A study of the reconnection of antiparallel vortices in the infinitely thin case and in the finite thickness case

The reconnection of vortices is an important example of the transition from laminar to turbulent flow. The simplest case is the reconnection of a pair of antiparallel line vortices. At first, they undergo long wave deformation (Crow waves), and then reconnect to form coherent structures. Although the behavior of the vortices before and after the reconnection can be clearly observed, what happens during the reconnection still needs to be explained. In fact, due to the finite thickness of the vortices, it is possible to distinguish different types of reconnection, such as reconnection of vorticity lines or reconnection of isosurfaces of vorticity magnitude.
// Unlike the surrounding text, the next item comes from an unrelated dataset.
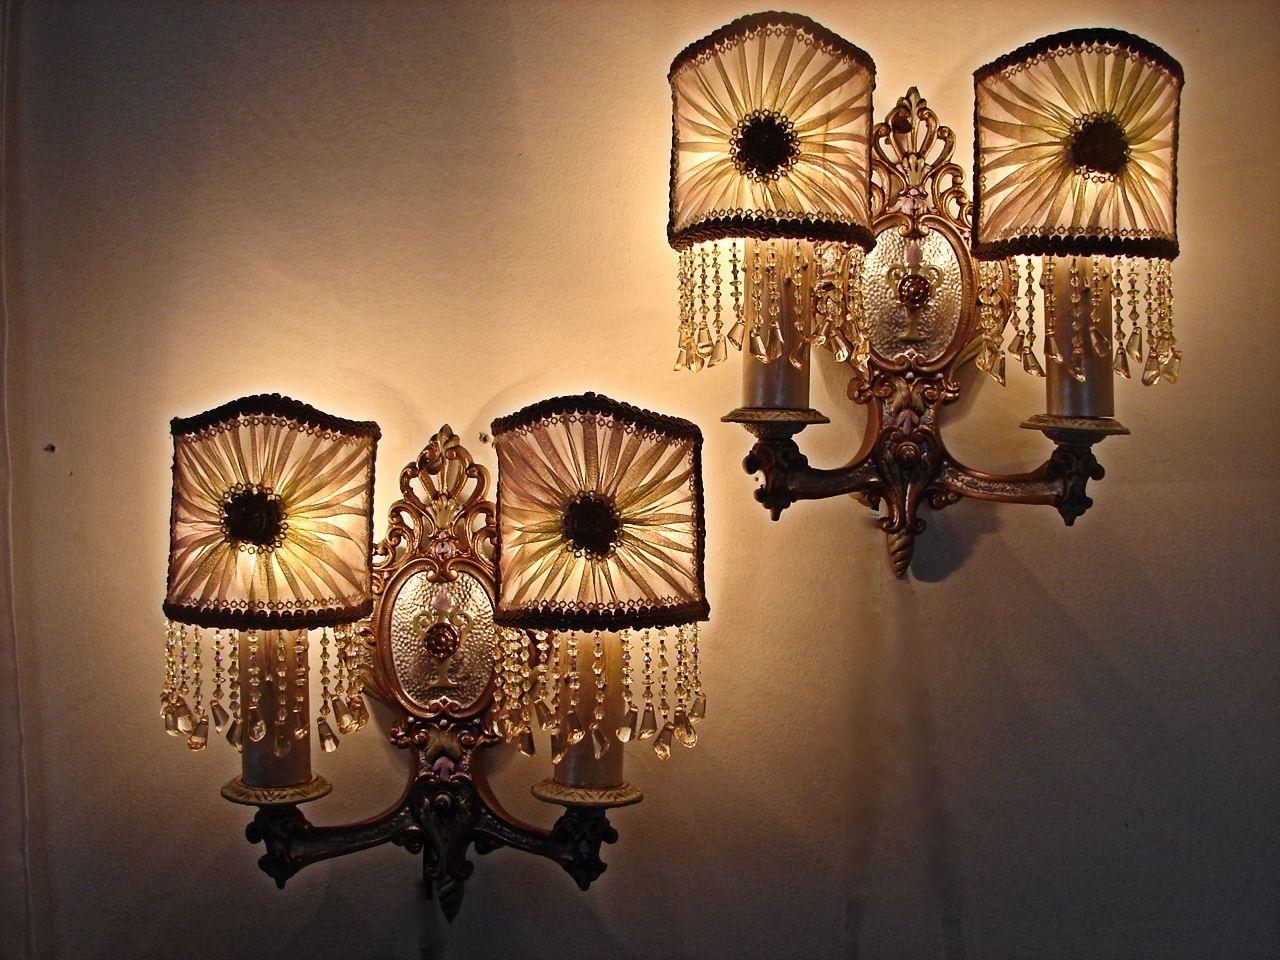 Pin by Ann Johnson on lighting | Vintage wall sconces ... on Decorative Wall Sconces Non Lighting id=45967

This makes unclear the definition of the reconnection time and reconnection point, which represents one major challenge. Note that the smallest scale of emerged coherent structures also depends on this thickness. In this paper, we consider an infinitely thin vortex approximation to study the vorticity reconnection process. We show that, in this case, the behavior after the reconnection is quasi-periodic, with the quasi-period being independent of the angle between the vortices. We observe a similarity between the behavior of the vortices in the reconnection region and the evolution of a corner of a polygonal vortex under the localized induction approximation, which may be considered as an indicator that the vortices form a corner at the reconnection. At the end, we compare the results with a solution of the Navier–Stokes equations for the reconnection of a pair of antiparallel vortices with finite thickness, where the pressure isosurfaces are used to visualize the reconnection process. We also use the fluid impulse to define the reconnection time, the reconnection point, and the quasi-period for this case.